The center serves the Eastern Mediterranean, the Middle East and North Africa. It is hosted by the Cyprus Institute in Nicosia. This relationship provides the MENA Regional Center with access to valuable resources and research infrastructures, such as  CyTERA, a powerful high-performance computational facility. The institute also offers capacity building and training resources for students and researchers in the region and a space for workshops and other events.

In order to enable closer contacts to the countries of North Africa and the Middle East, the MENA Regional Center is closely linked with colleagues at Future Earth North Africa Regional Office, hosted at both Alexandria University and at the Institut d’Égypte in Cairo.

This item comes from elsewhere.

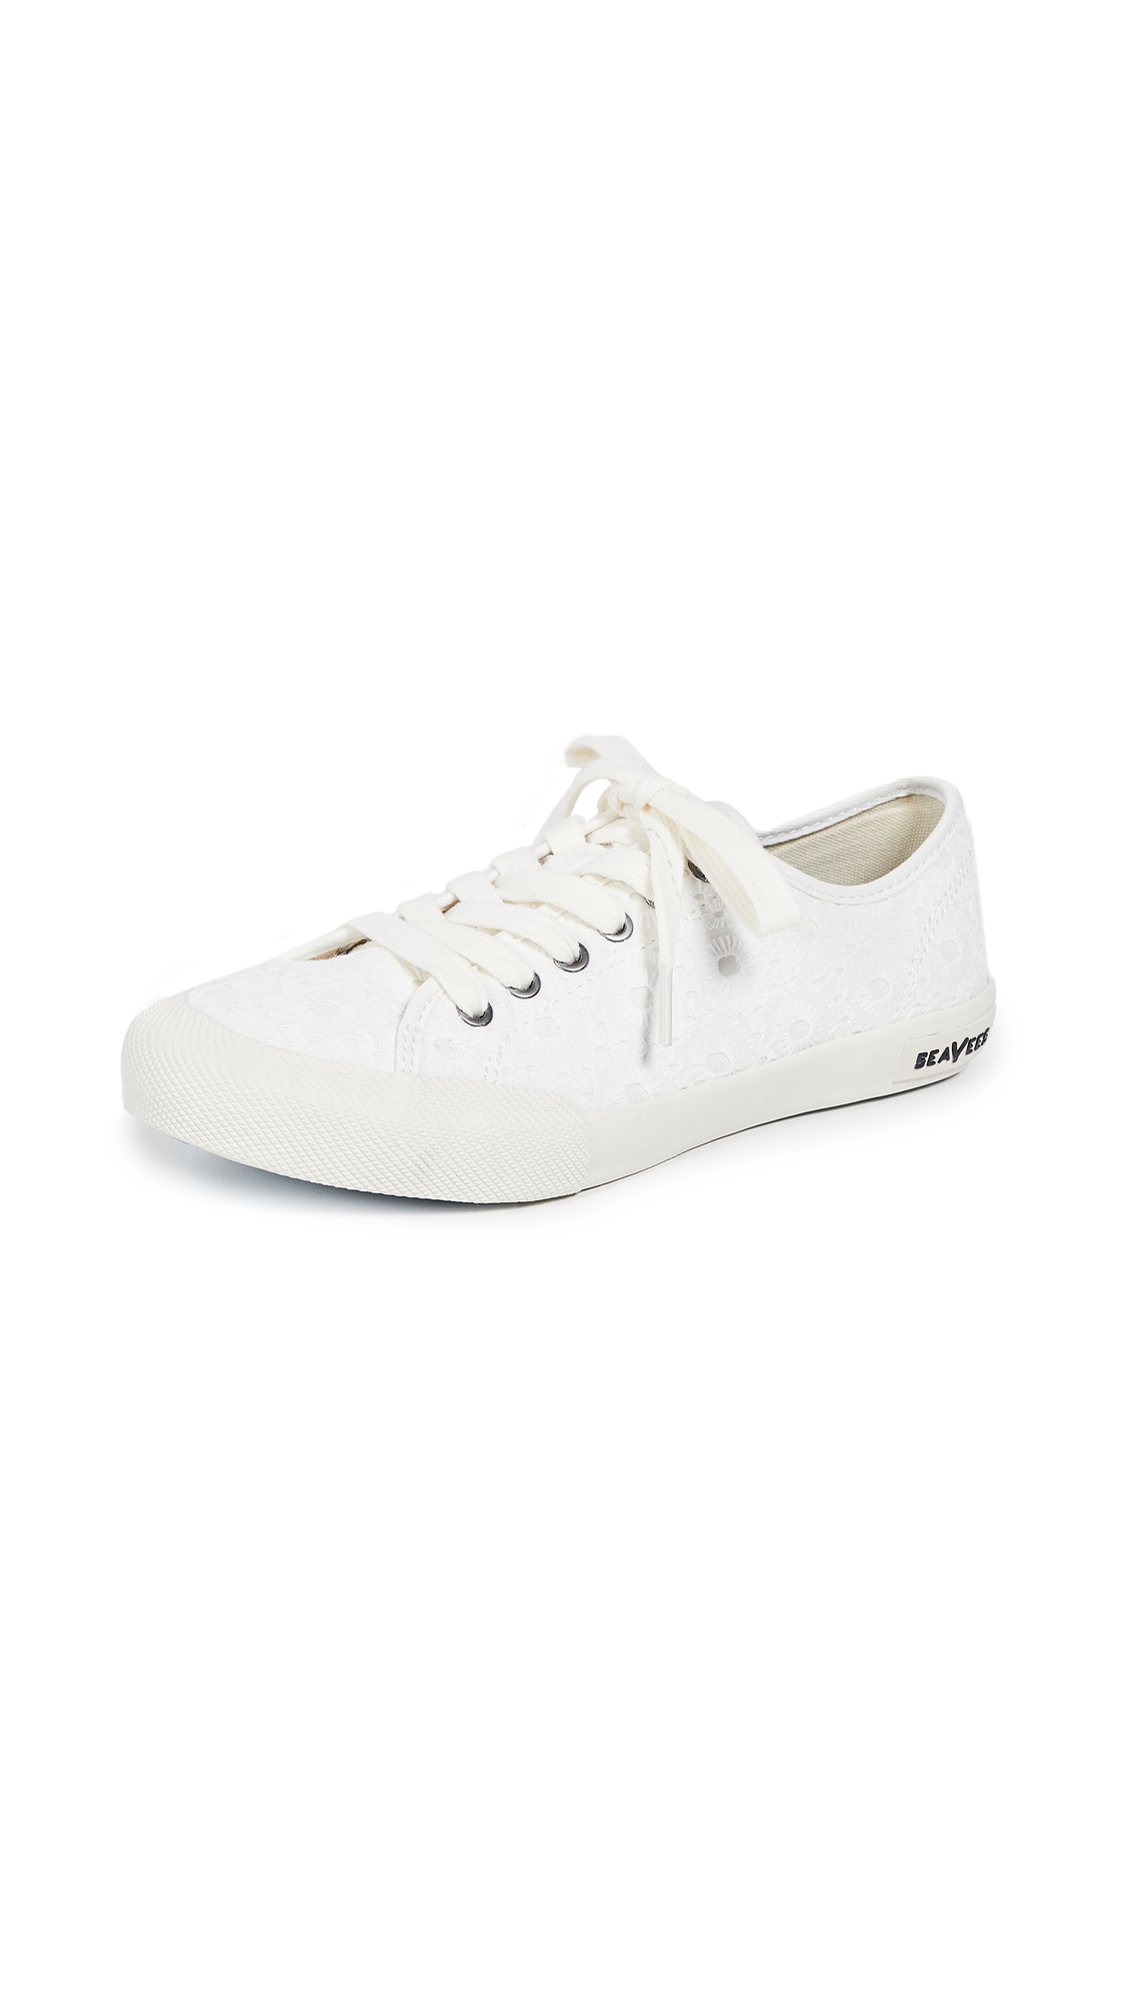 SeaVees Monterey Embroidery Sneakers - White Eyelet
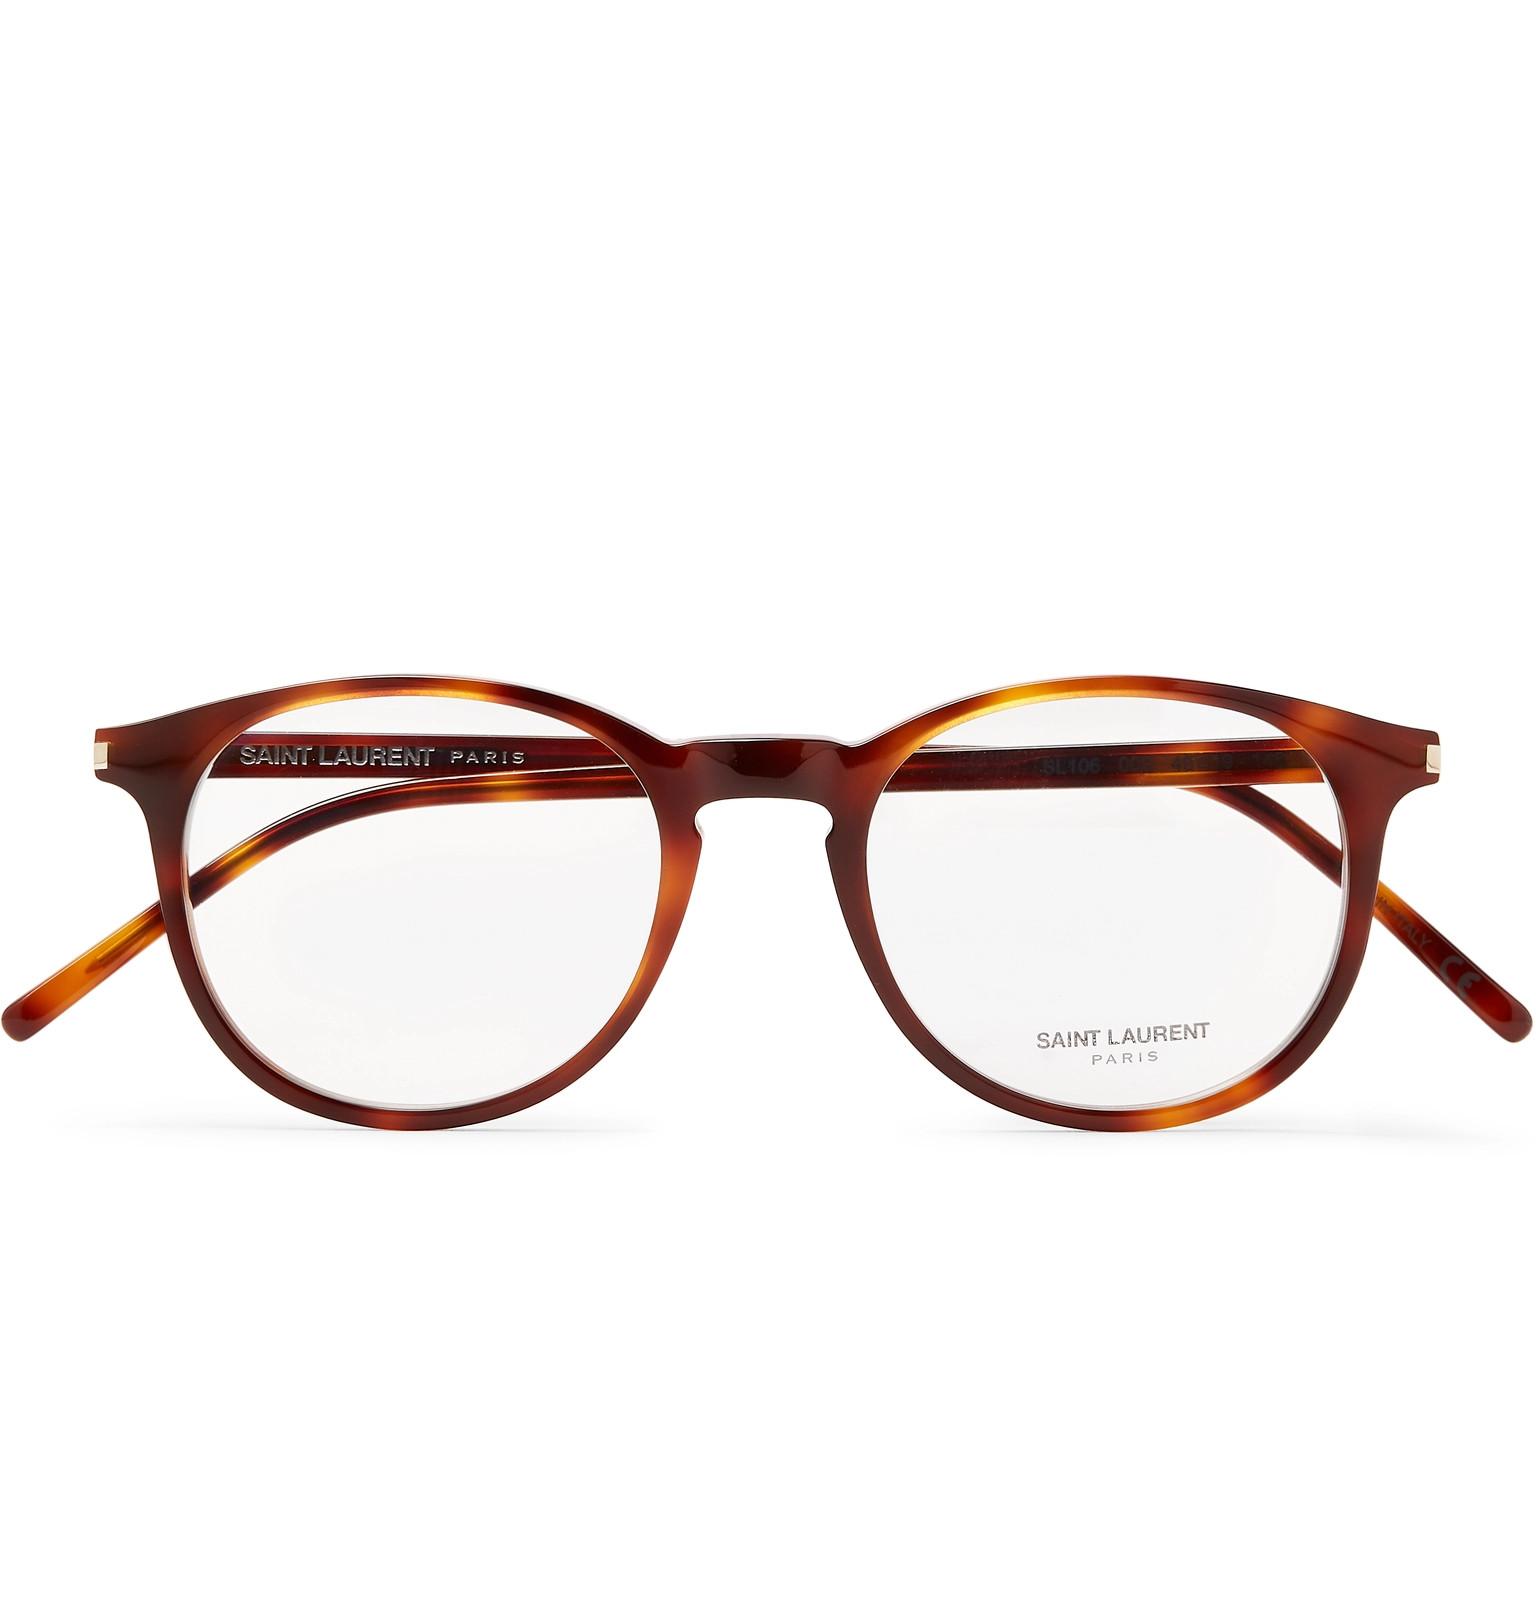 dfba5ba8c5a Saint Laurent - Round-Frame Tortoiseshell Acetate Optical Glasses

The FEMRC offers a range of support to researchers and other professionals in the region, including:

  • A database of individuals and institutions carrying out activities compatible to the Future Earth research agenda and/or stakeholders and decision-makers in the MENA Region. This enables the center to facilitate linkages between colleagues from different countries;
  • Hosting the Regional Nodal Office for the Global Land Programme (GLP), one of Future Earth’s global research projects;
  • iLEAPS
  • Assistance coordinating joint efforts to obtain competitive funding for Future Earth-related research in MENA countries, particularly with regard to European funding opportunities.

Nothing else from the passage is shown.